TÜRKİYE’NİN BİRLİK BÜTÜNLÜK ENDİŞESİ
Yaşadığımız 16 yıldır geldiğimiz noktayı değerlendirmek lazım. Ekonomimiz ne durumda borcumuz, ülkenin satılmadık bir şey i kalmamış. Borcumuz dağlar kadar büyümüş, uluslararası ilişkimiz bozulmuş. Batı ile kopma noktasına gelmiş durumdayız. Rusya ve İran gibi ülkelerin rejimlerini geçmiş duruma gelmişiz. Türkiye hukuk devletiydi, parlamenter sistemle yönetiliyordu evet eksikleri vardı ama bir hukuk devletiydi. Bunların hiç biri kalmıyor, hızla kaybediliyor. Birlik beraberliğimiz bozuluyor. Kutuplaşma var. Benden senden anlayışı var. Bütün vatandaşların eşit olma anlayışı yerine seninkiler benimkiler anlayışı hâkim. Bu kutuplaşma daha da büyüyüp iç karışıklıklara neden olabilir,  Türkiye’nin birliği bütünlüğü bozulabilir. Böyle bir endişemiz var. Misak-ı Milli sınırlarımız risk altında.

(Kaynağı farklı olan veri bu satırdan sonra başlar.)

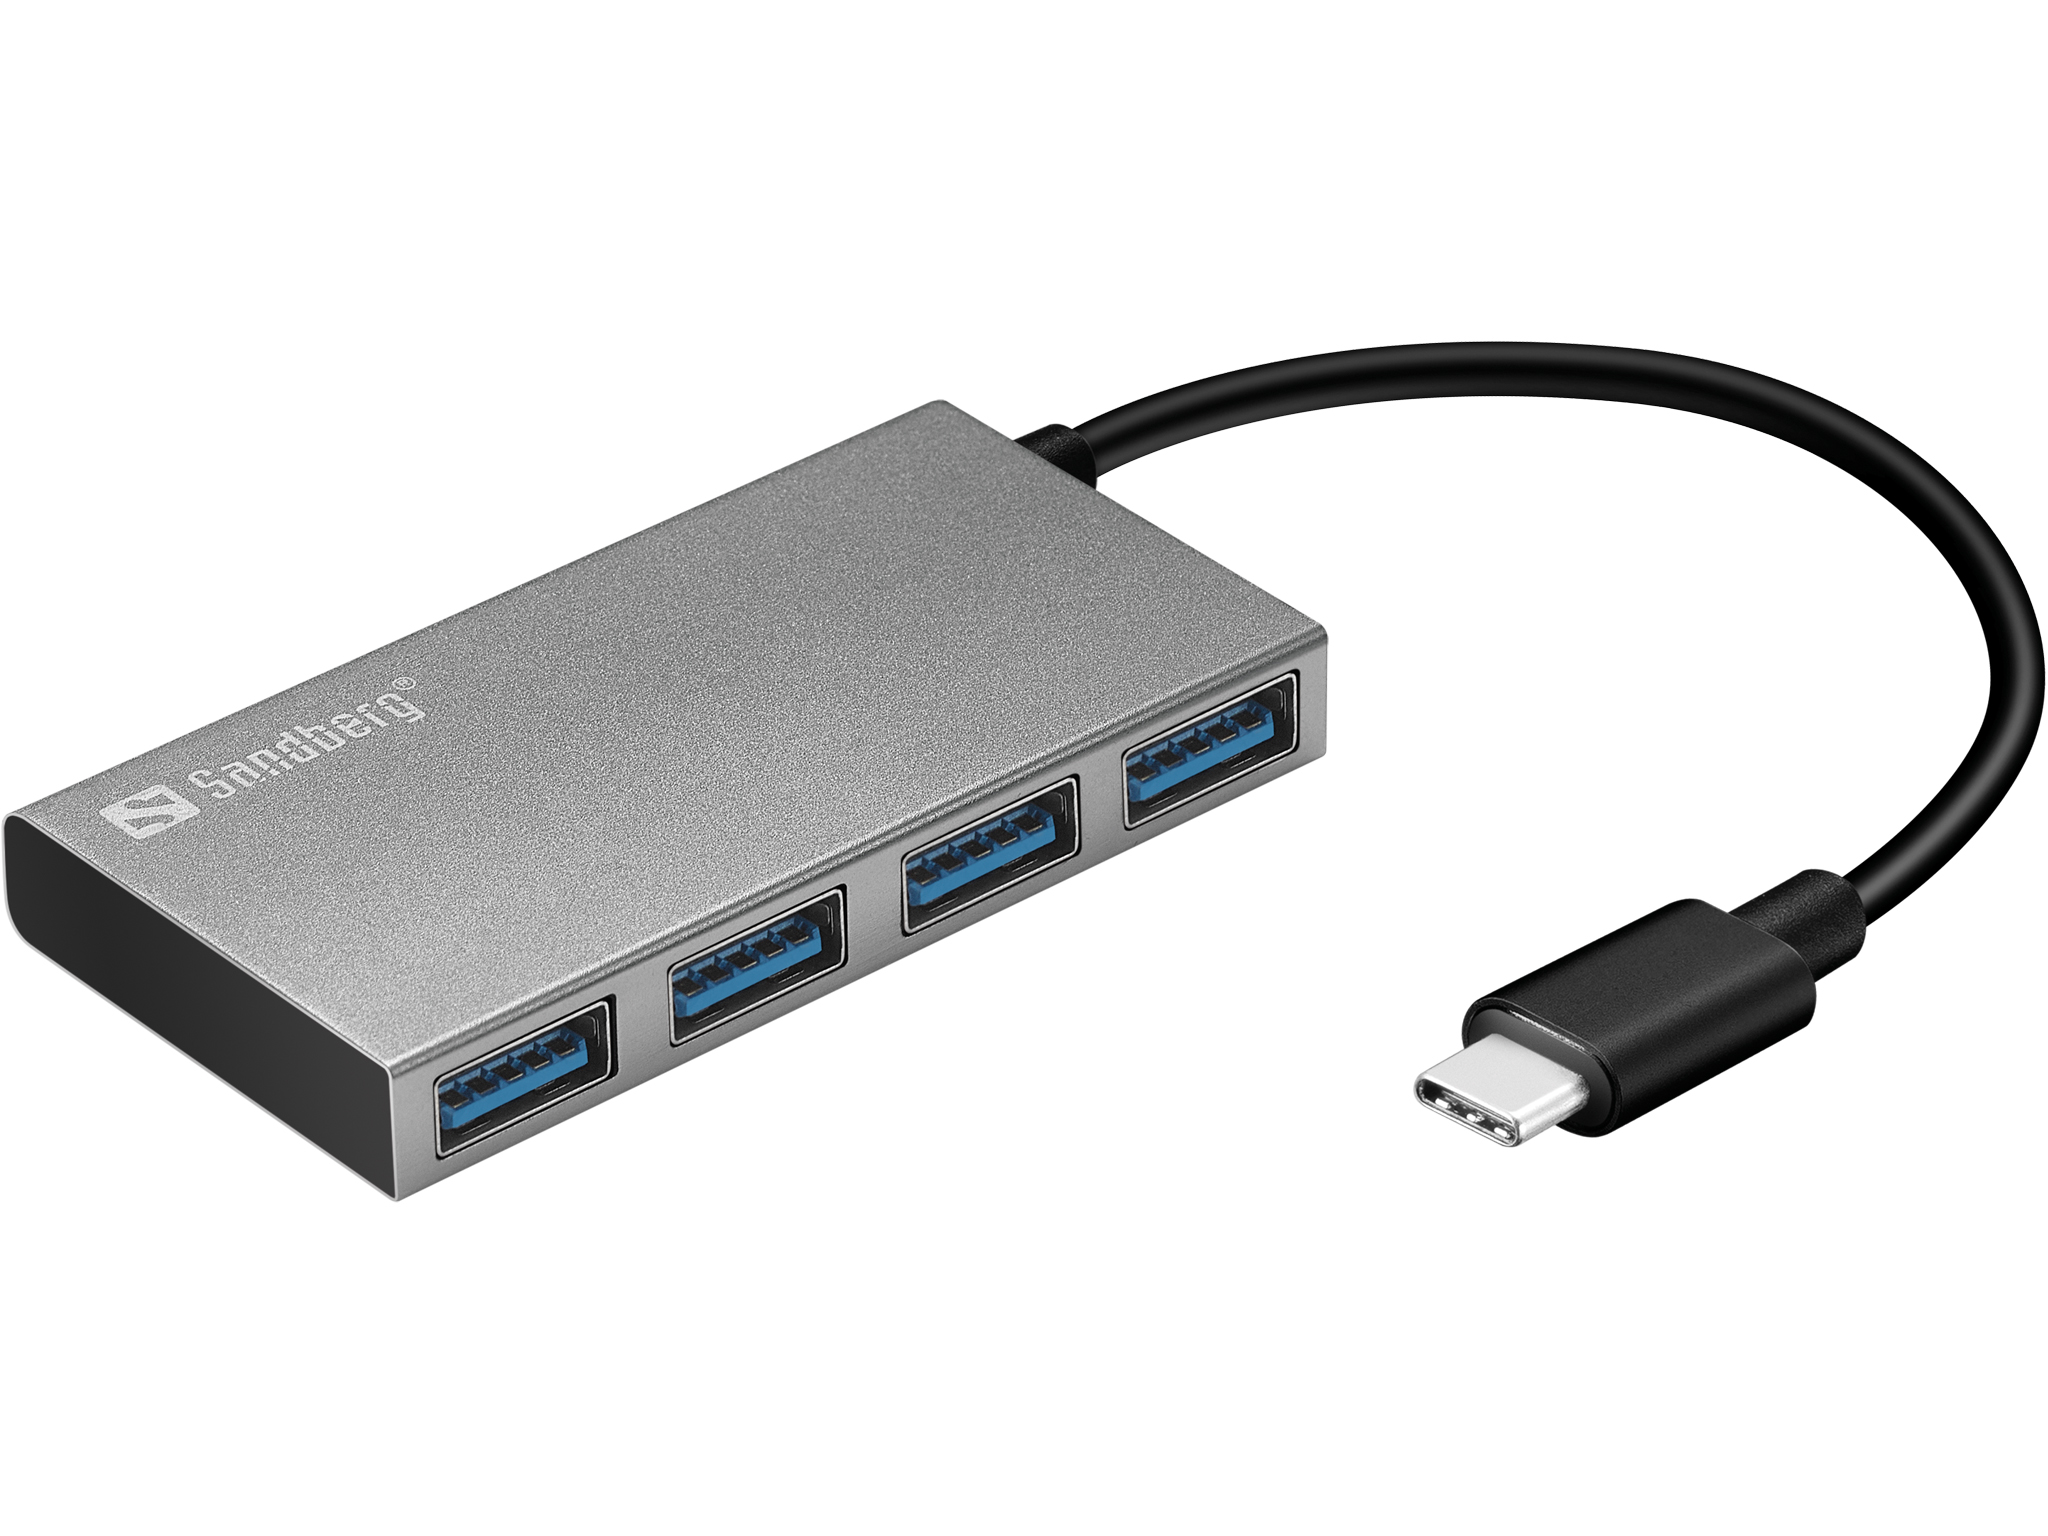 Sandberg 136-20 USB-C to 4 xUSB 3.0 Pocket Hub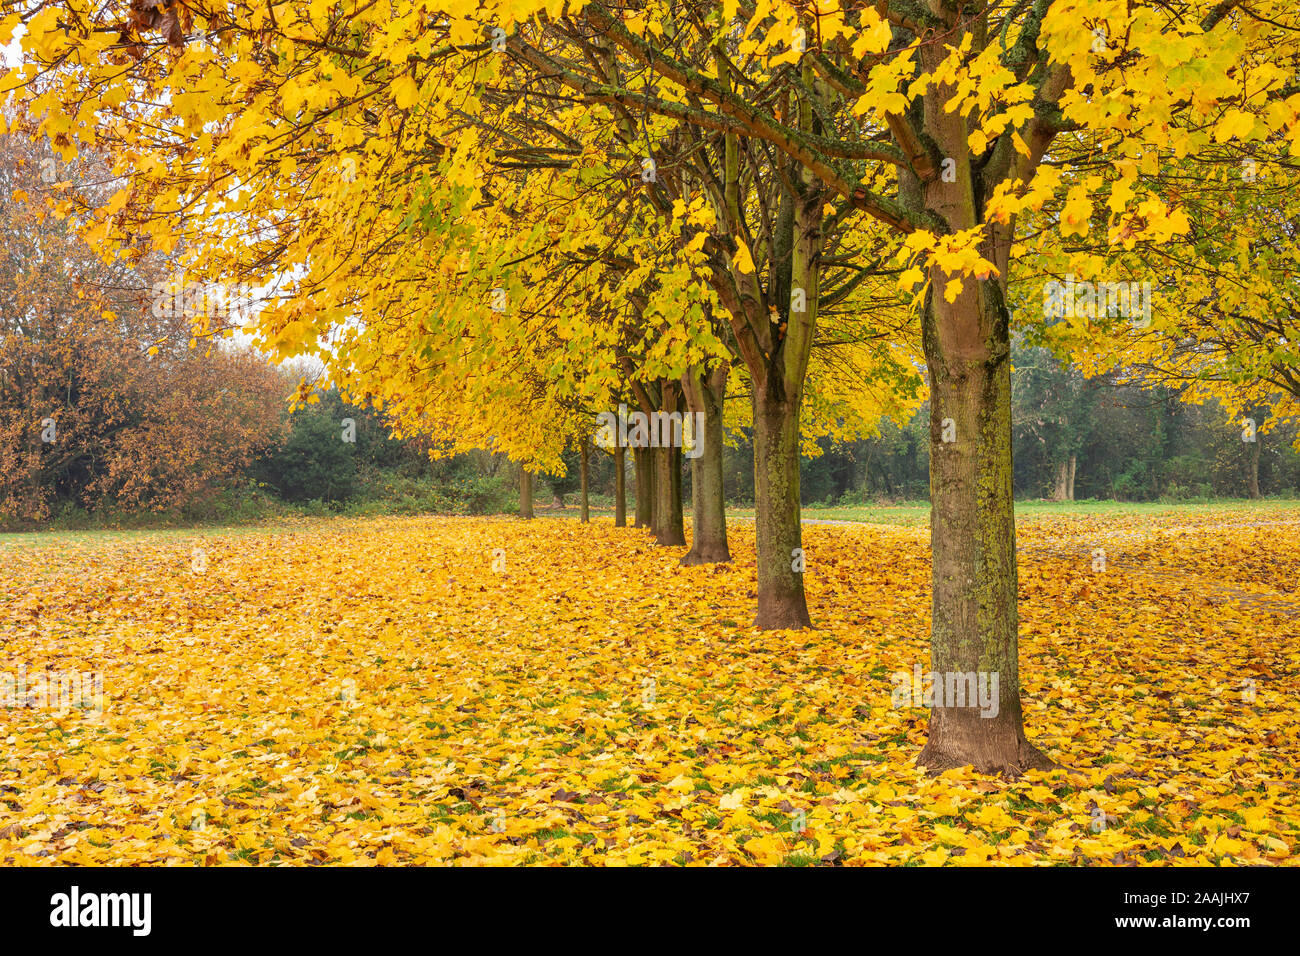 Hojas de Otoño Otoño otoño los árboles del Reino Unido uk avenida de árboles con hojas de otoño hilera de árboles con colores de otoño Inglaterra GB Europa Foto de stock

GÜNEŞ İZMİR’DEN DOĞACAK AKP’NİN GÜNEŞİ İZMİR’DEN BATACAK
İzmir’de CHP en güçlü partidir. Köyden kasabalarına kadar etkin ve güçlü bir partidir. CHP’nin seçimlerde başarısı en yüksek oranda olacaktır. Parti içi kırgınlıklar bitiyor. Birlik beraberlik havasına dönüşüyor her şey. Güçlü beraberlikler ve sahada doğru çalışmak partimizi seçmen bazında ciddi büyük oranlara taşıyacaktır. 15 vekil hamlesi gibi doğru şeyler anlatıyoruz. Bu sefer İzmir bu sefer cumhuriyet değerlerine karşı daha da güçlü bir şekilde ses verecektir. Referandumda yüzde 68.8 oranında hayır çıkmıştı. Yani yüzde 69 gibi bir sonuç çıkmıştı. AKP’nin İzmir’den başlaması çok doğru bir şey değil, buradan başlaması kaybedeceğine işarettir. Biz referandumda muhalefet olarak yüzde 69 oy almıştık bu sefer yüzde 70’in üzerine çıkaracağız. AKP’nin MHP ile oyu inşallah yüzde 30’un altında kalacaktır. Yüzde 32 almışlardı. Bunun altında indireceğiz İzmirliler olarak. Güneş İzmir’den doğacak AKP’nin güneşi de İzmir’den batacak. Güneş İzmir’den doğacak. Yüzde 70’in üzerinde bir sonuçla muhalefet üzerine düşeni yapmış olacak. İzmirli kardeşlerime seçmene inanıyorum. Hep birlikte başaracağız.